To improve performance and robustness, we use a Random Forest. This model builds a collection of decision trees and aggregates their predictions to make a final, more accurate decision. This approach reduces the risk of a single tree overfitting to the training data.
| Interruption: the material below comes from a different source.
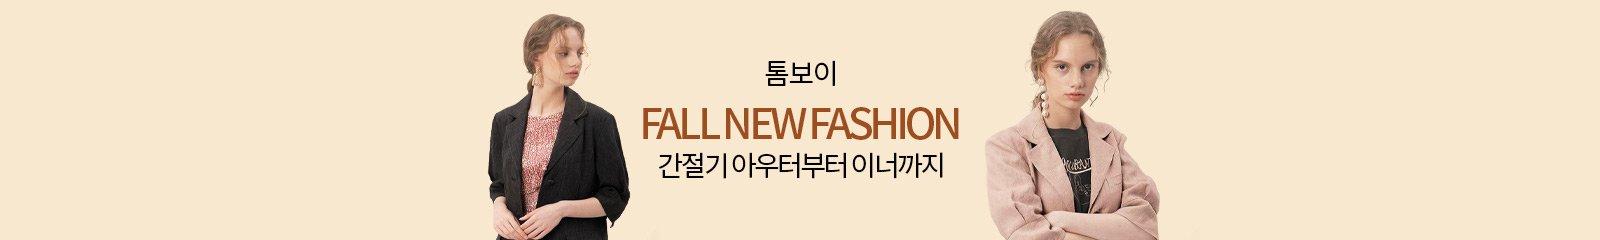 [영패션] 가을 신상 대전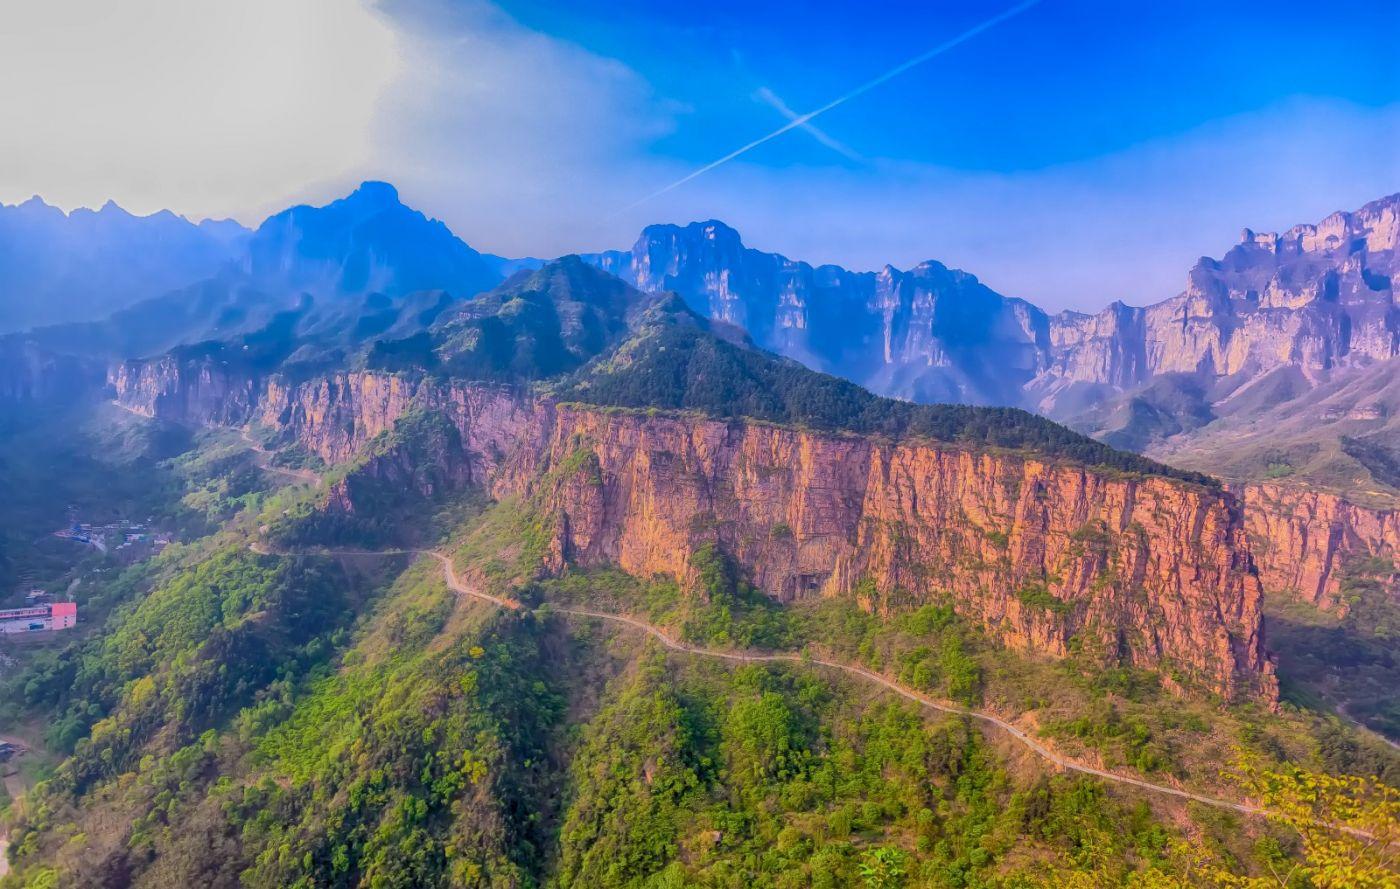 崖壁上的古村落 郭亮村 绝处也有风景_图1-23

# Instantiate and train the Random Forest model
rf_model = RandomForestClassifier(n_estimators=100, random_state=42)
rf_model.fit(X_train, y_train)
 
# Make predictions on the test set and evaluate performance
rf_pred = rf_model.predict(X_test)
 
print(f"Accuracy: {accuracy_score(y_test, rf_pred):.2f}")
 
printdf(
  pd.DataFrame(classification_report(y_test, rf_pred, target_names=target_names, output_dict=True))
)

Accuracy: 1.00

	Disliked	Liked	accuracy	macro avg	weighted avg
precision	1	1	1	1	1
recall	1	1	1	1	1
f1-score	1	1	1	1	1
support	2	2	1	4	4

Explanation

By comparing the performance metrics, you will typically observe that the Random Forest provides a more accurate and robust result than a single Decision Tree. While the Decision Tree gives us a clear, interpretable set of rules, the Random Forest's collective intelligence from multiple trees makes it more reliable for predicting user preferences. This demonstrates a common trade-off in machine learning: a simpler model is easier to interpret, but a more complex ensemble model often provides superior predictive power, leading to better recommendations and a more satisfied user base.